It still sounds really suspect to me. What kind of breeder would let two pups go together from the same litter, and so early (early because they will stay together maybe?). I could _maybe_ understand it if it was someone who had owned vizslas before, but for a new v owner, one vizsla puppy on its own is beyond intense. Sorry to sound judgey, Angie, I know you are excited and so you should be, it is an amazing lifechange. But I'm not sure everything sounds kosher. I've also heard they bond more with each other than with their humans when you get them as pups from the same litter.


----------



## Angie NG (Jun 6, 2012)

I hope my comment earlier about having 2 pups was not offensive, I just meant in general as I am new to all this. I am quite sure I looked at this particular breeder before I decided who to get a pup from.
Something didn't feel right to me, couldn't quite put my finger on it but we decided not to get one from them. Now we are getting a lovely girl in a few weeks. So looking forward to it.


----------



## [email protected] jenkinson (Mar 31, 2012)

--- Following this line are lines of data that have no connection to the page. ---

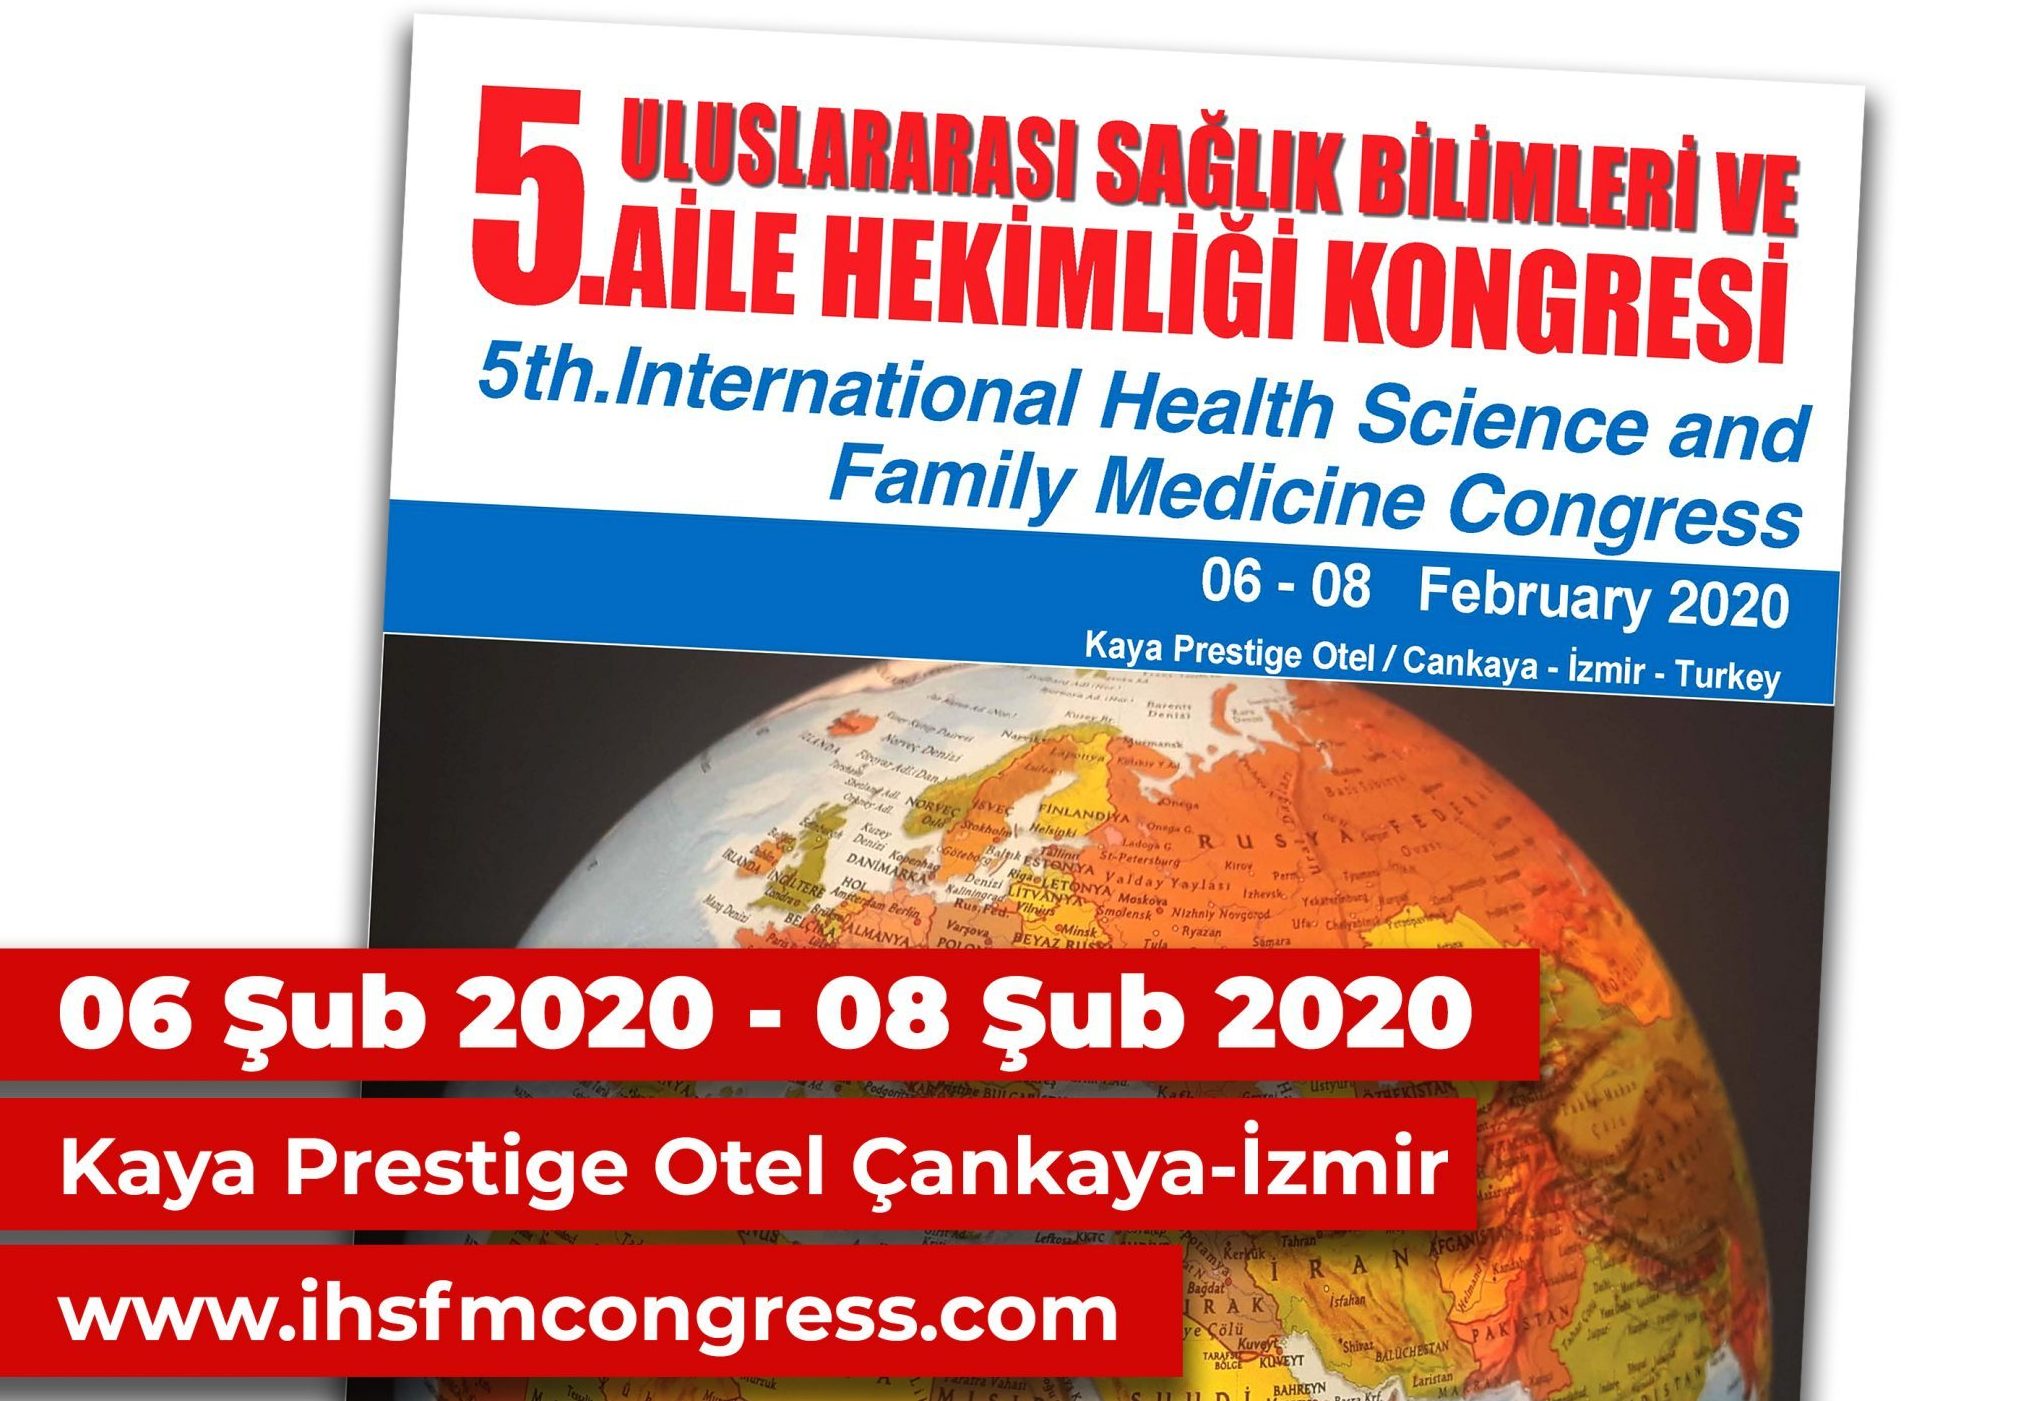 5. Uluslarası Sağlık Bilimleri ve Aile Hekimliği Kongresi 2020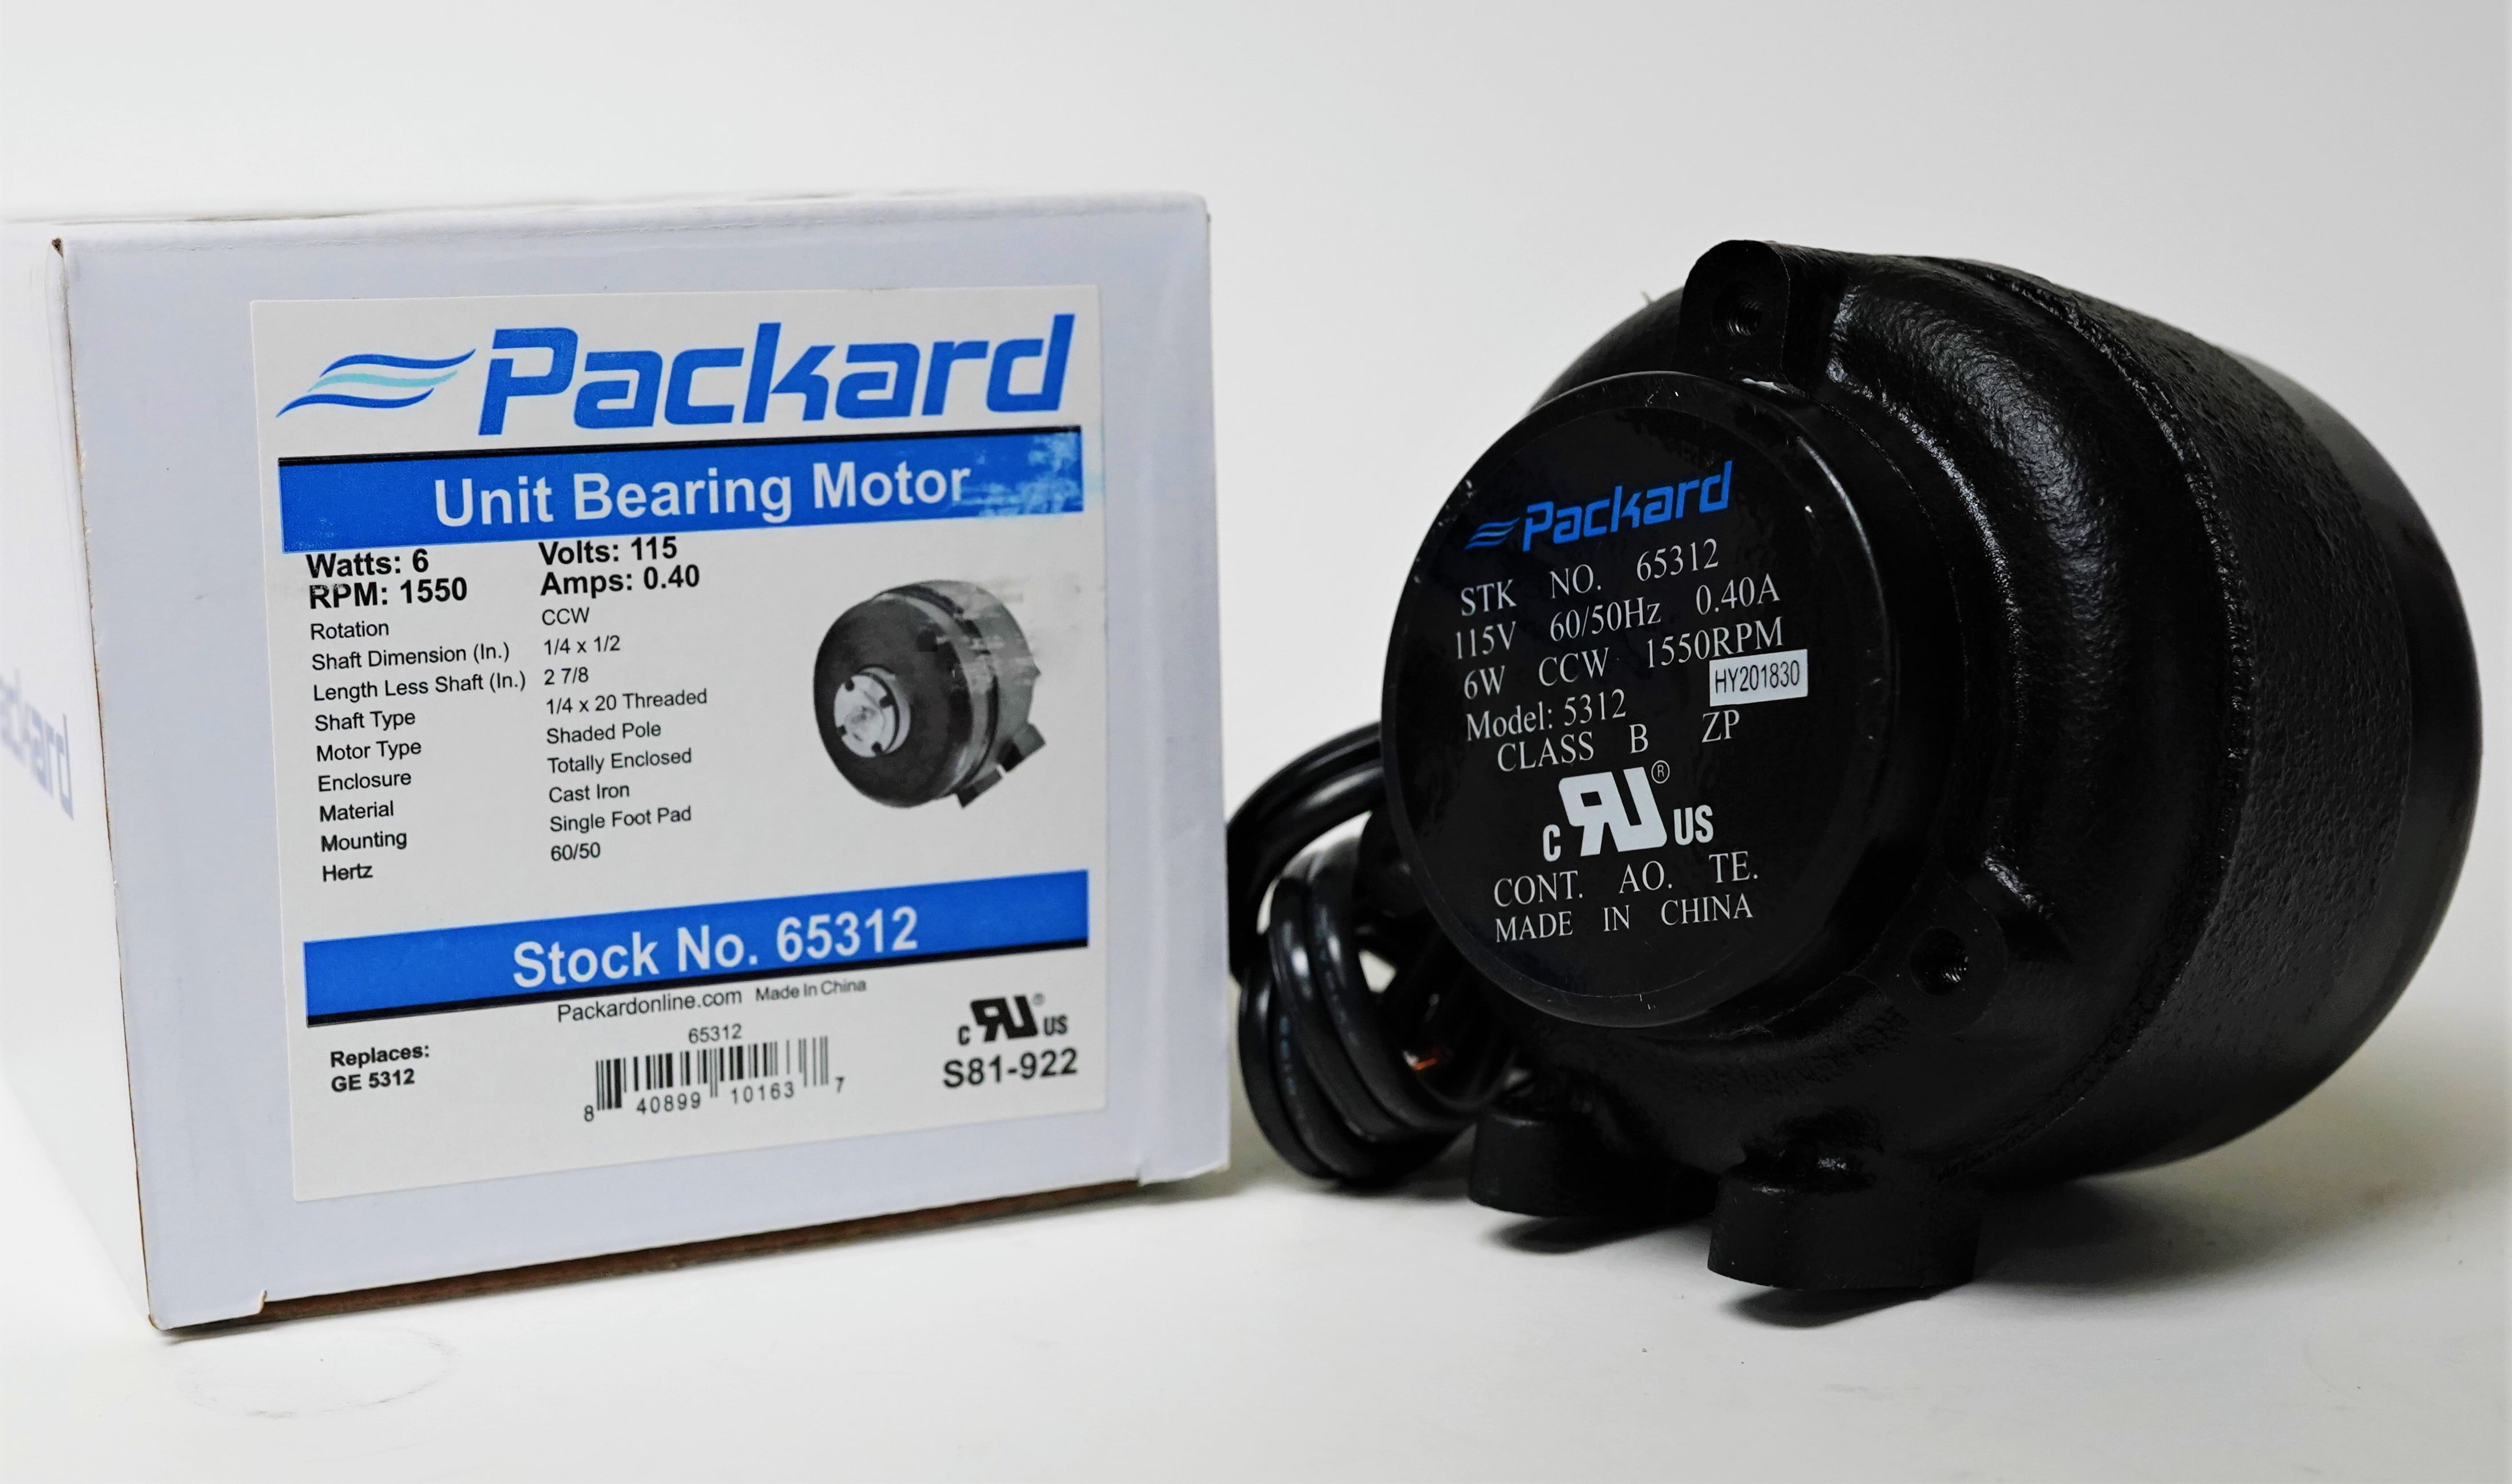 GE Packard 4 Watt Cast Iron Unit Bearing Motor Cw 5211 By Packard 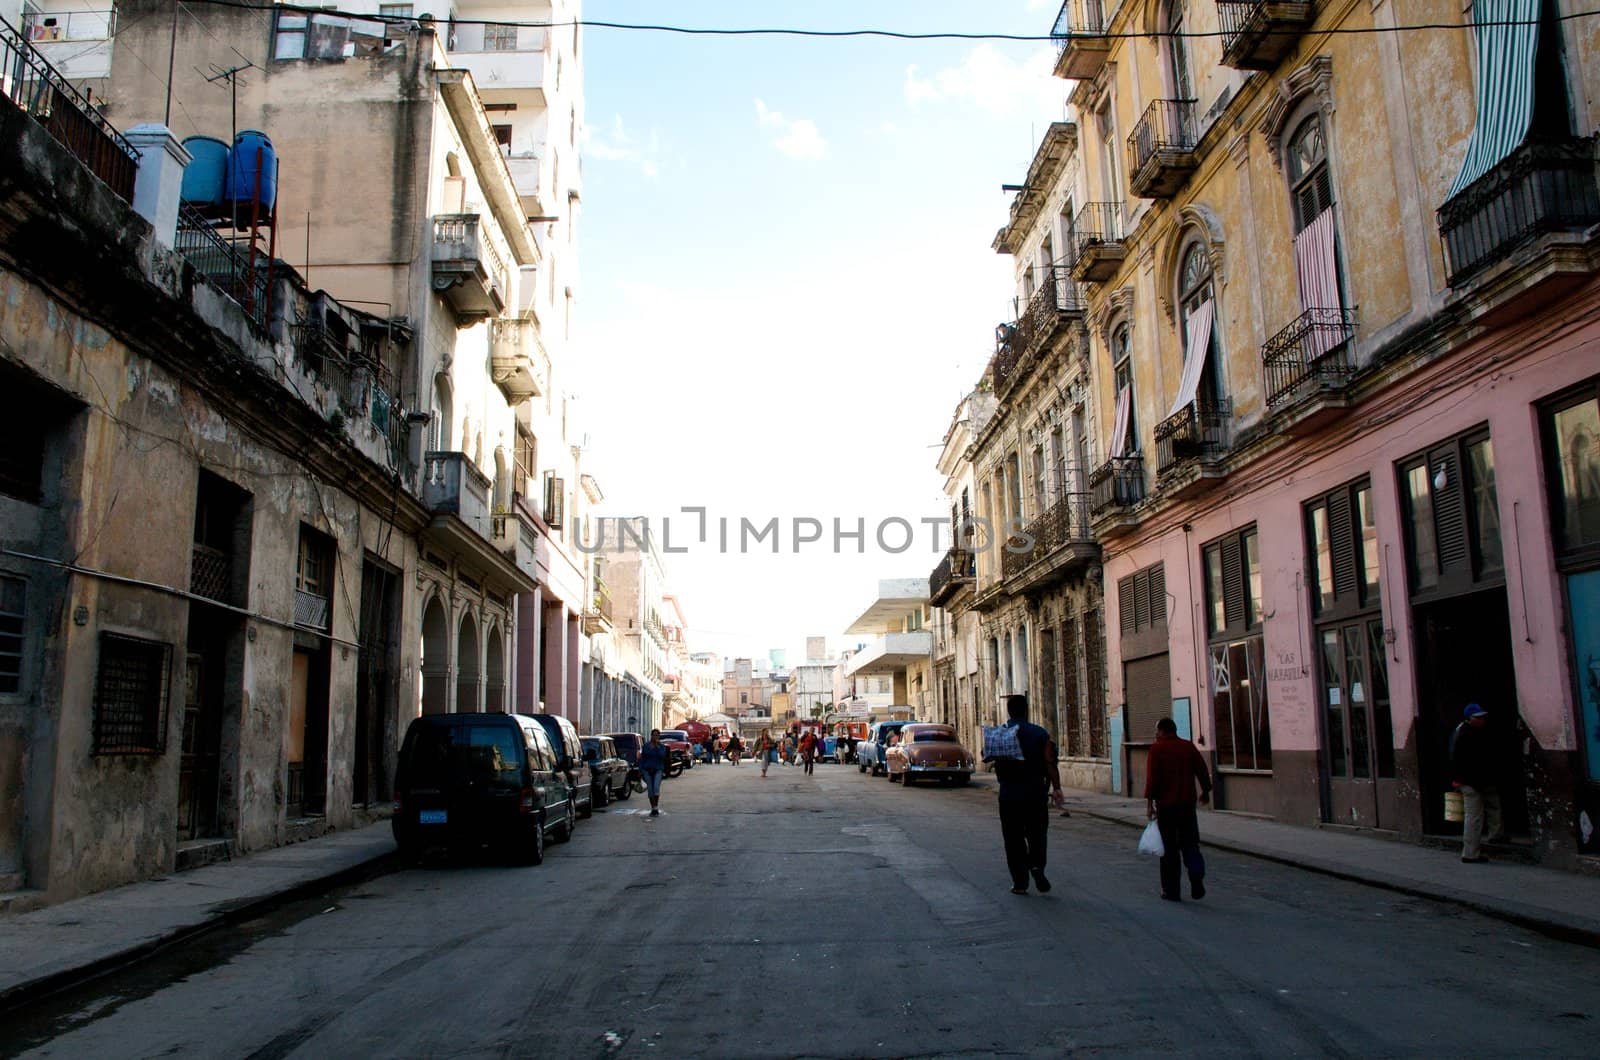 Street scenes of Havana, Cuba

Just to put things straight i never said we were collecting pups in three and a half weeks i said we were picking them (choosing our pups!!) These are not our first dogs and as for two from the same litter we have two sets of friends who have done this and they would not do it any other way. We dont bring our pups home till second week in August making them nine weeks old. Its each to there own ideas and views. This is not something as a family we have rushed into we have put a great deal of thought into having two pups and we cant wait!!


----------



## Angie NG (Jun 6, 2012)

I think some of us read it wrong [email protected] jenkinson, I am sure you have thought it through as a family and I don't feel you need to justify yourself to anyone. I have not been on here very long but so far I have realised everyone is very welcoming and helpful and at the same time everyone has different views on certain subjects. I am sure your puppy's will have a great time together and look forward to hearing more about them.


----------



## Darcy1311 (May 27, 2012)

I certainly don't think its bad to have 2 pups from one litter...In fact, the bloke I bought my vizsla from only had 3 pups in her litter I know that one of them was sold but I worry about the plight of the other one, as I later found out that my pups mother who I saw at the breeders house had been sold on twice and that she had 7 litters in her 7 year life with a total of 40 {forty} pups...
In the breed code of practice this is far to many..I contacted the original breeders who sold Darcy's mum as a pup, Chataway Cimbora Von Chulak,is Darcy's mums kennel name....and the breeder is very concerned for her well being and we are trying to find her as she has now been sold on again...
I guess all I am saying is that there was one pup left and if it never sold, the chances are it could have been culled, as appears to be the case of these 4 vizsla pups found dead last month in Lincolnshire...


----------



## Angie NG (Jun 6, 2012)

Goodness that is a lot of pups Darcy1311,I did a bit of research of my own and if I have my facts right you can breed as many pups as you want but the pups won't be kennel club registered unless the pups are born a few years between each birth. Hope that made sense. Surely all the births on the poor mother your talking about is to many for her to manage, not that I no much about it. Just saying. Hope the breeder finds her and she is ok!!


----------



## Gingernutter (Dec 4, 2011)

It's against the code of ethics that are in place by the Hungarian Vizsla society and Club. The full code of ethics for breeding can be found on the relevant websites. Also pointed out to me by one of the committee members from the HVC was that some breeders who are on the UK KC Accredited Breeders Scheme are not following all the rules fully. The HVC and HVS will offer advice of recommended breeders. 

UK KENNEL CLUB CODE OF ETHICS
taken from Hungarian Vizsla Society club members rules:

Members will not allow their bitches:
To be mated before their 2nd birthday or to whelp after their 8th birthday.
To whelp more than once in any 12 months.
To have more than 3 litters in her lifetime.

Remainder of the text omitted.